Recorded data
——————————

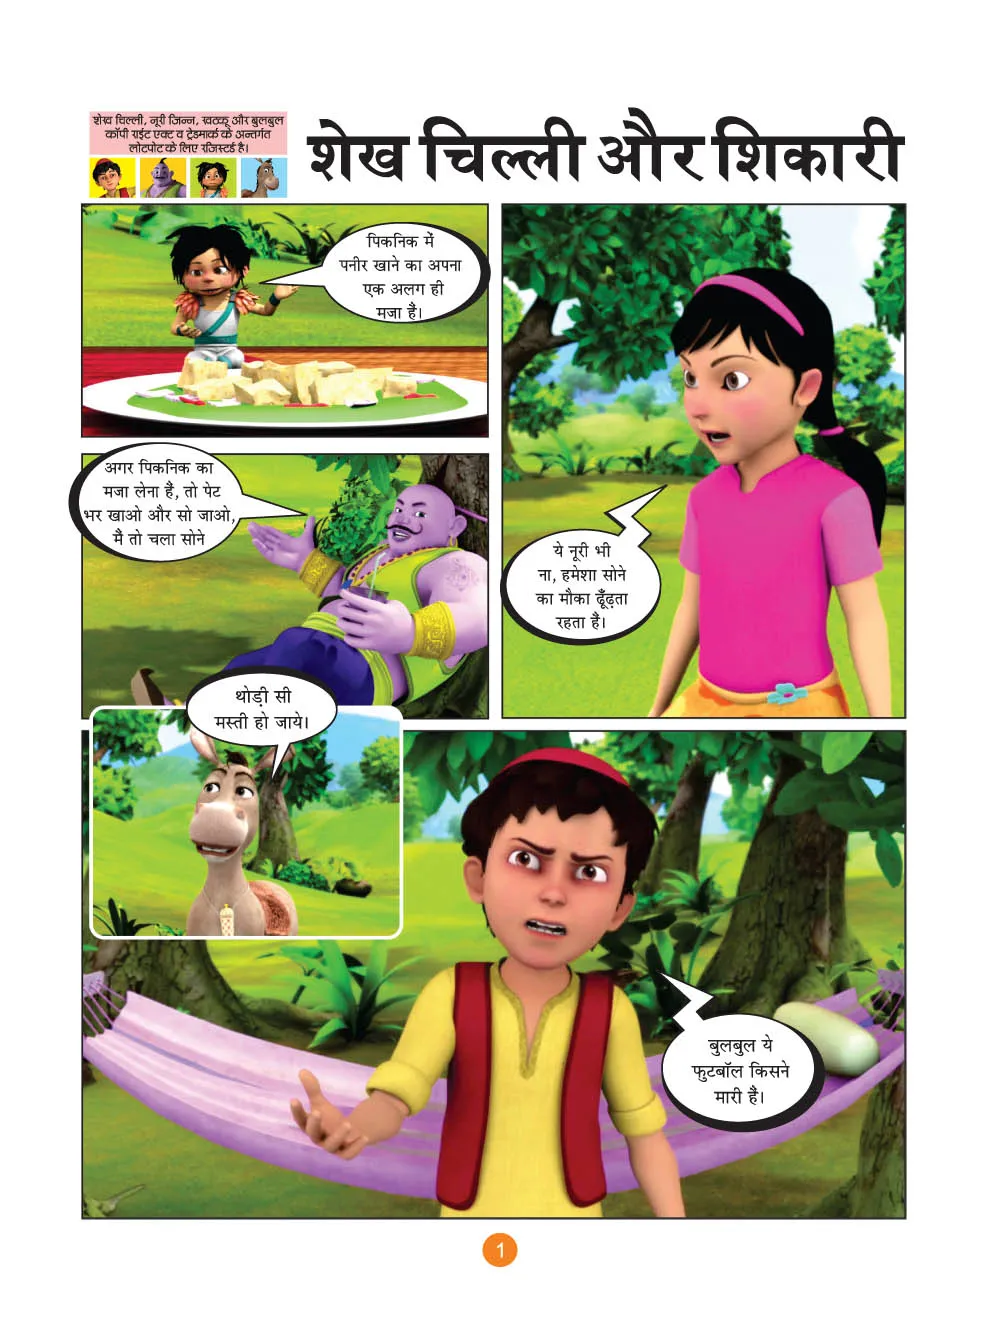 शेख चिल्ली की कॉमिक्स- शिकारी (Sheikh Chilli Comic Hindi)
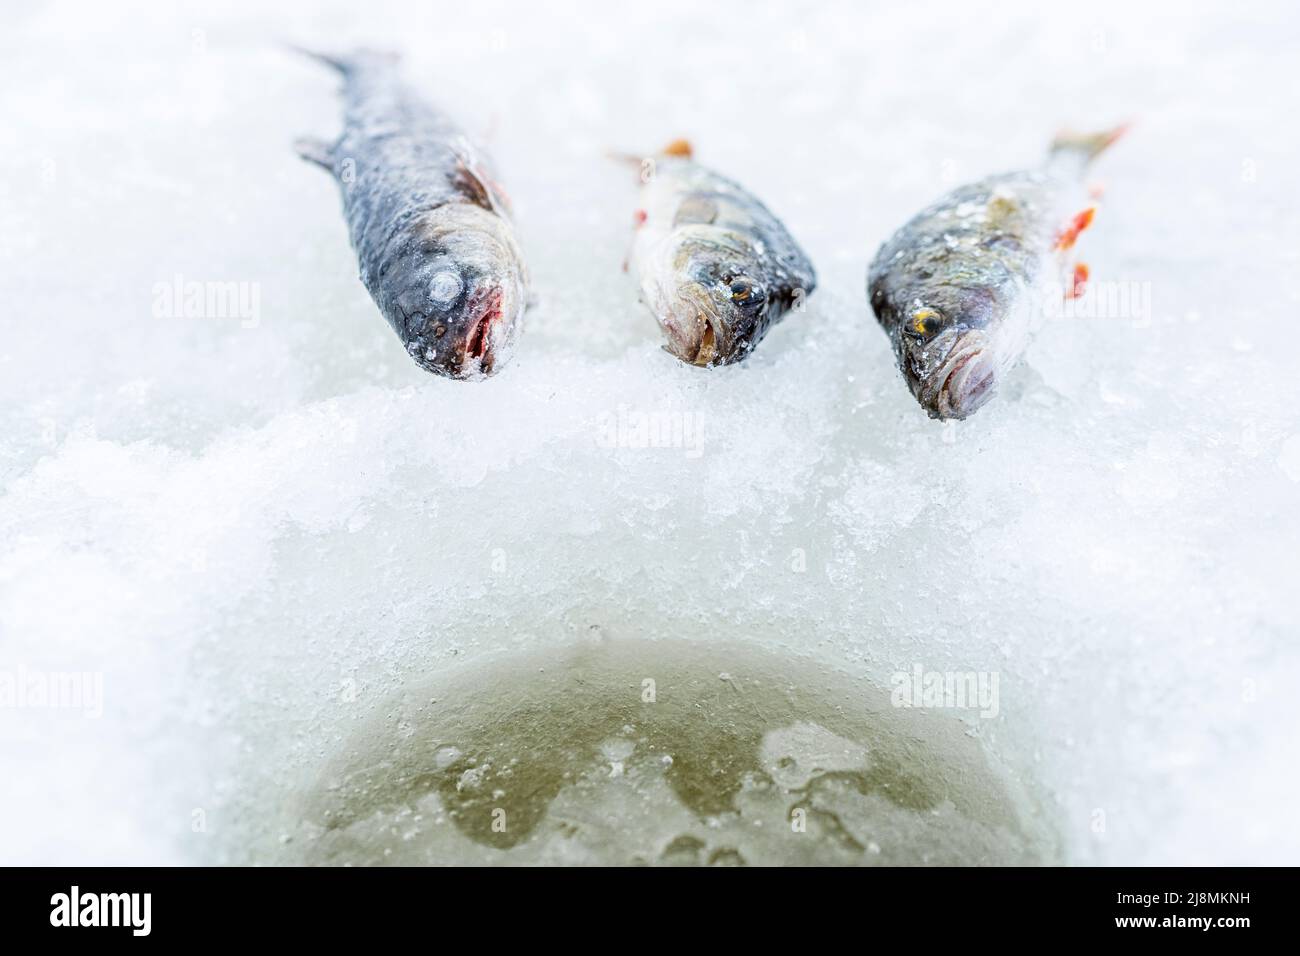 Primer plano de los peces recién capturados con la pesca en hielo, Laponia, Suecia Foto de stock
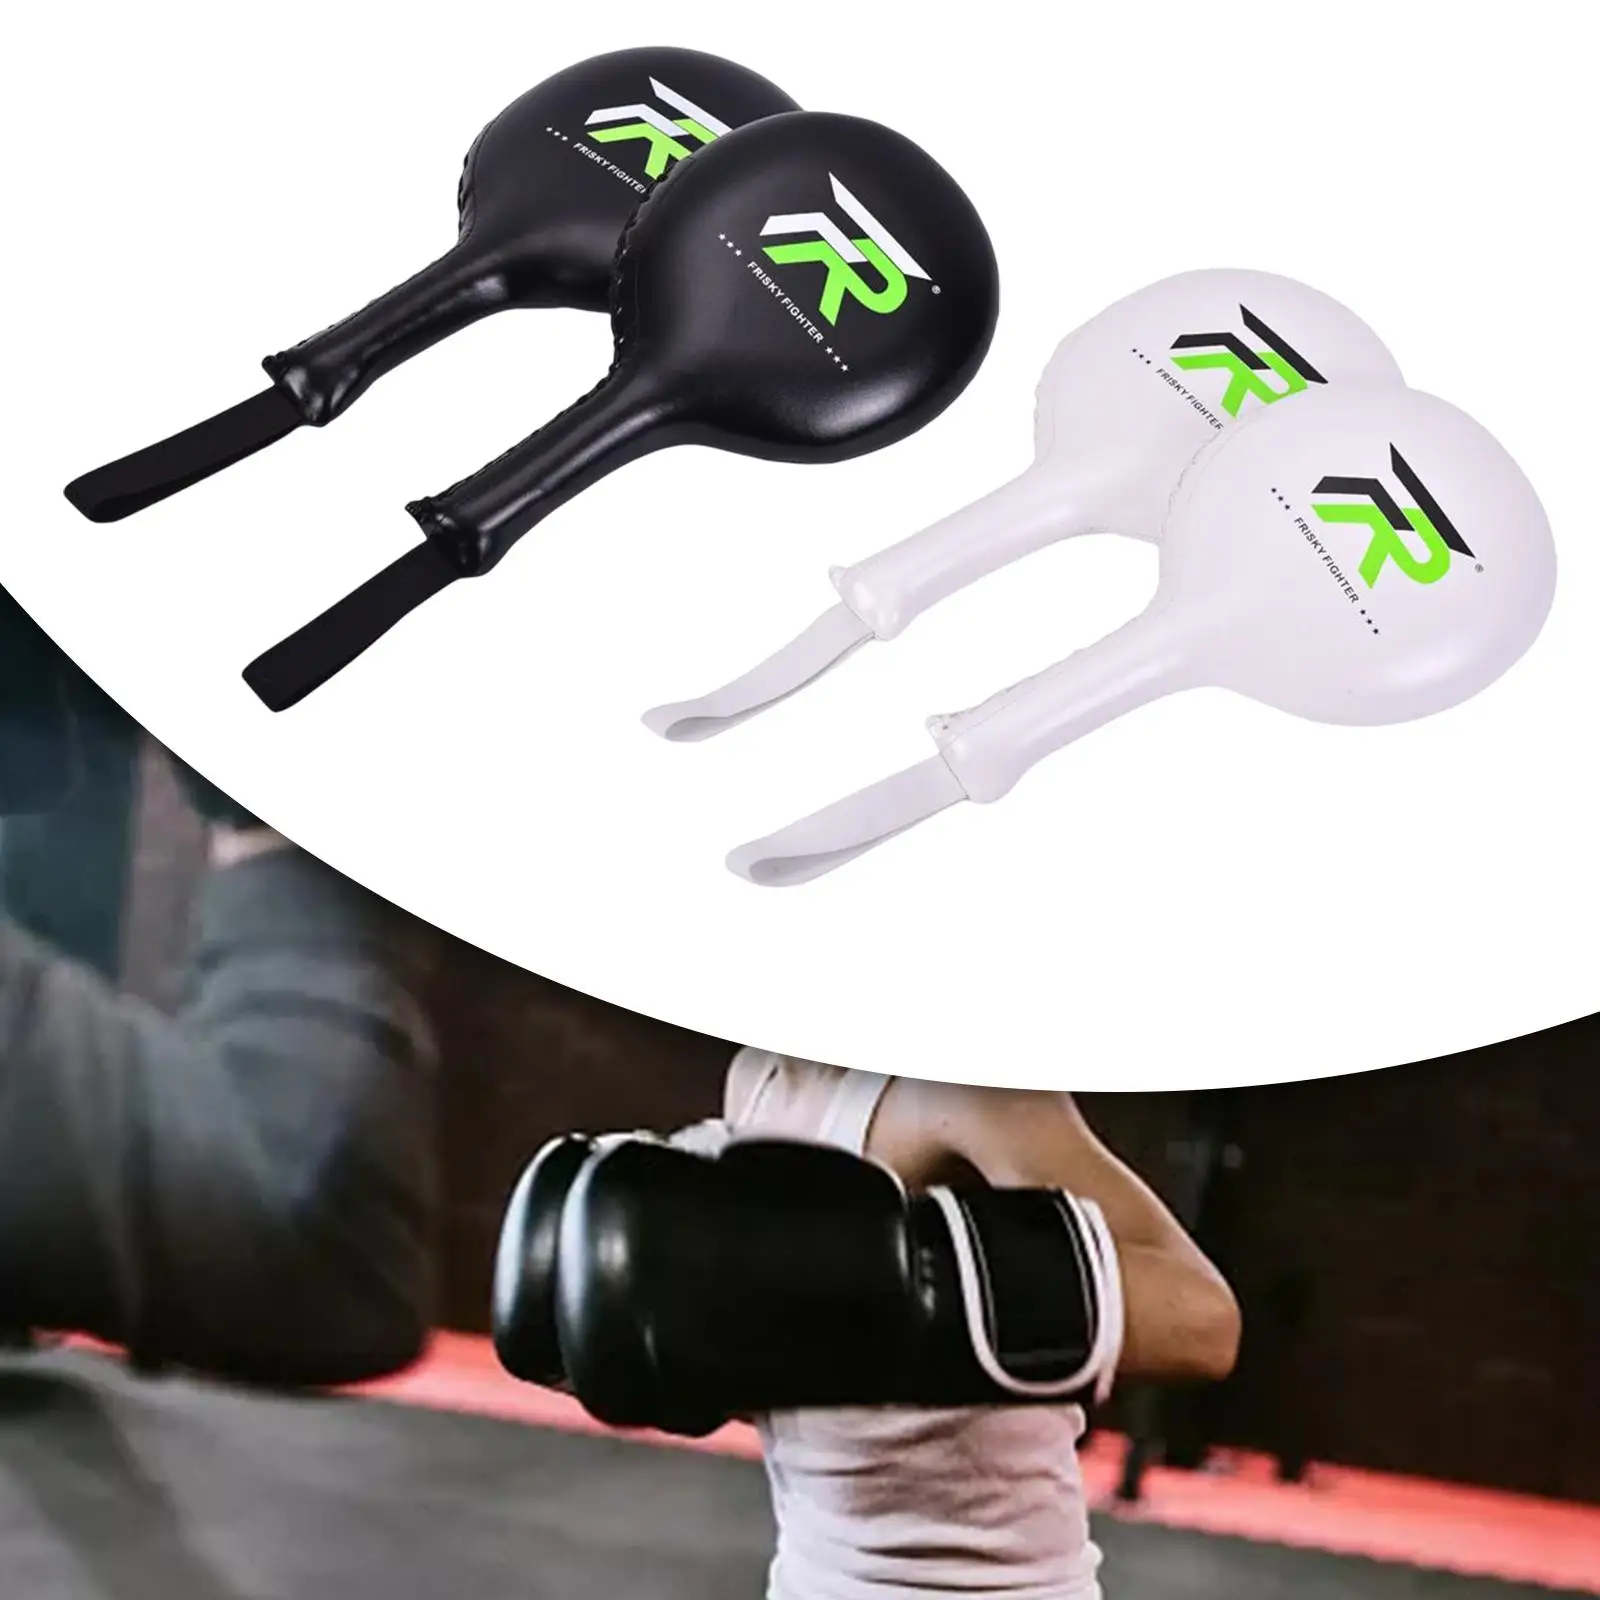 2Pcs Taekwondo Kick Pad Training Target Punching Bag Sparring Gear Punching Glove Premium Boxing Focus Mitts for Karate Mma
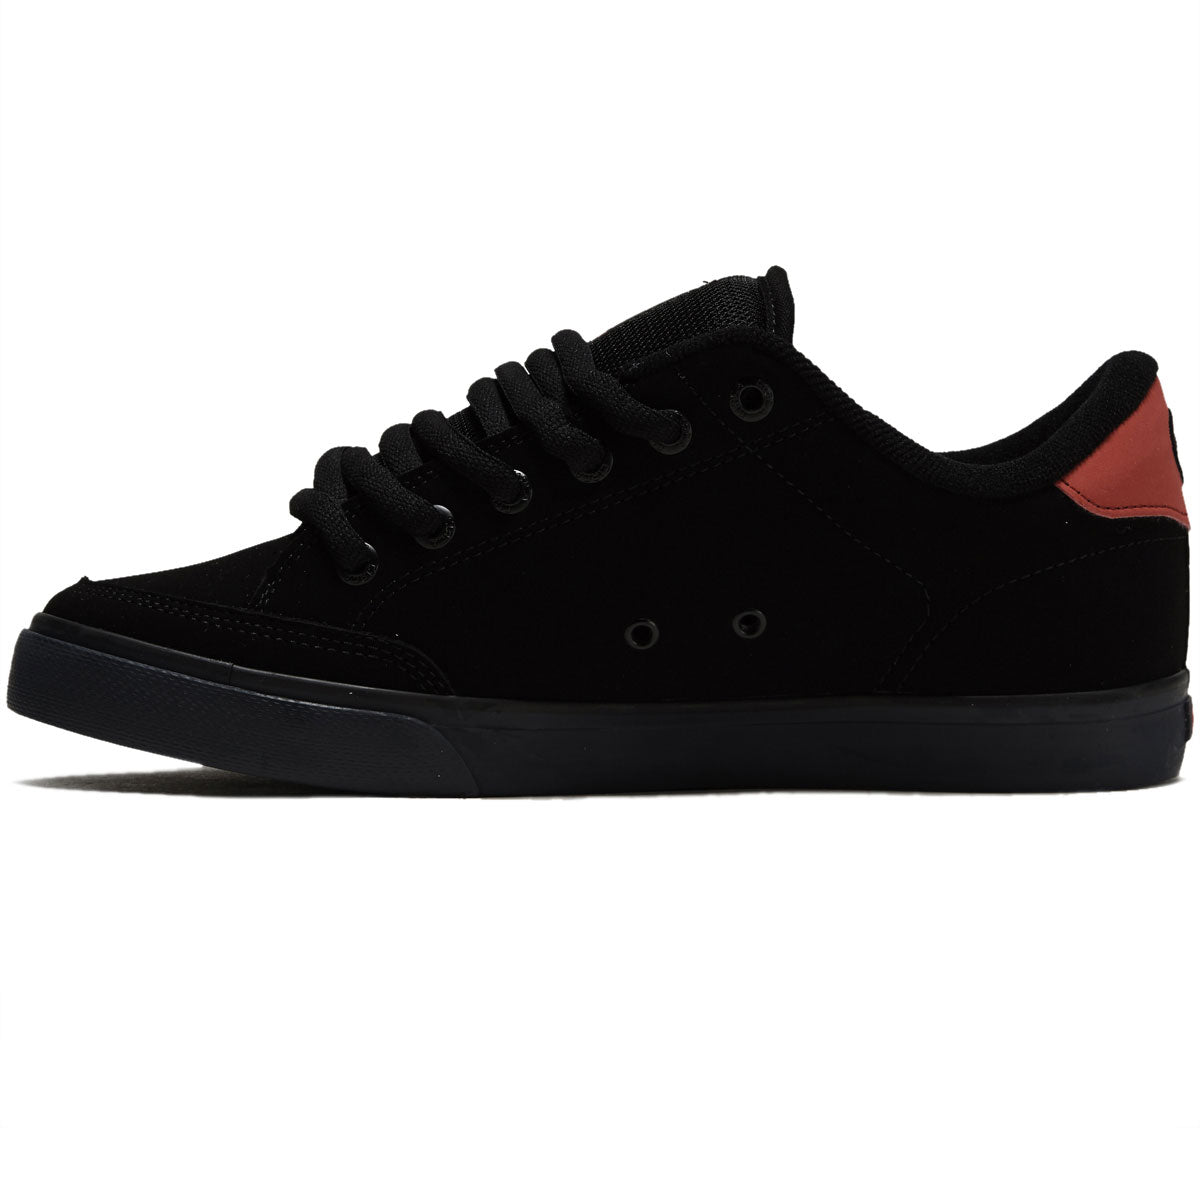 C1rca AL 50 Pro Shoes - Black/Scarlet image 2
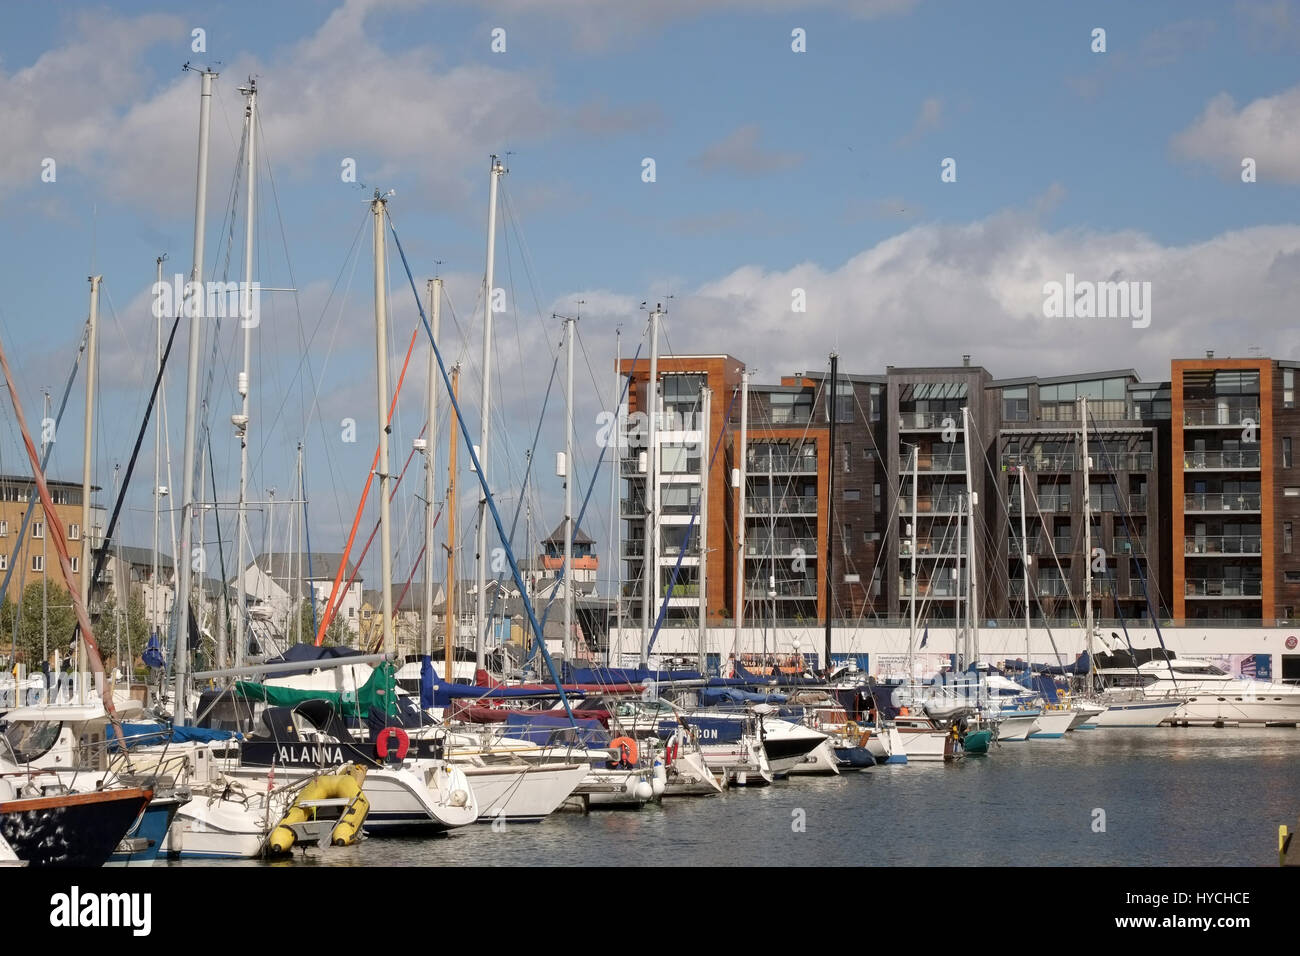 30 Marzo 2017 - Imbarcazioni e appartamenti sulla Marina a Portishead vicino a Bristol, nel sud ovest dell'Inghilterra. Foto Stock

——————————

- Task instructions
A word-for-word copy of all the data, without pictures, is the expected output.

- Task answer
 शेख चिल्ली की कॉमिक्स- शिकारी (Sheikh Chilli Comic Hindi)
 Primer plano de los peces recién capturados con la pesca en hielo, Laponia, Suecia Foto de stock
 2Pcs Taekwondo Kick Pad Training Target Punching Bag Sparring Gear Punching Glove Premium Boxing Focus Mitts for Karate Mma
 C1rca AL 50 Pro Shoes - Black/Scarlet image 2
 30 Marzo 2017 - Imbarcazioni e appartamenti sulla Marina a Portishead vicino a Bristol, nel sud ovest dell'Inghilterra. Foto Stock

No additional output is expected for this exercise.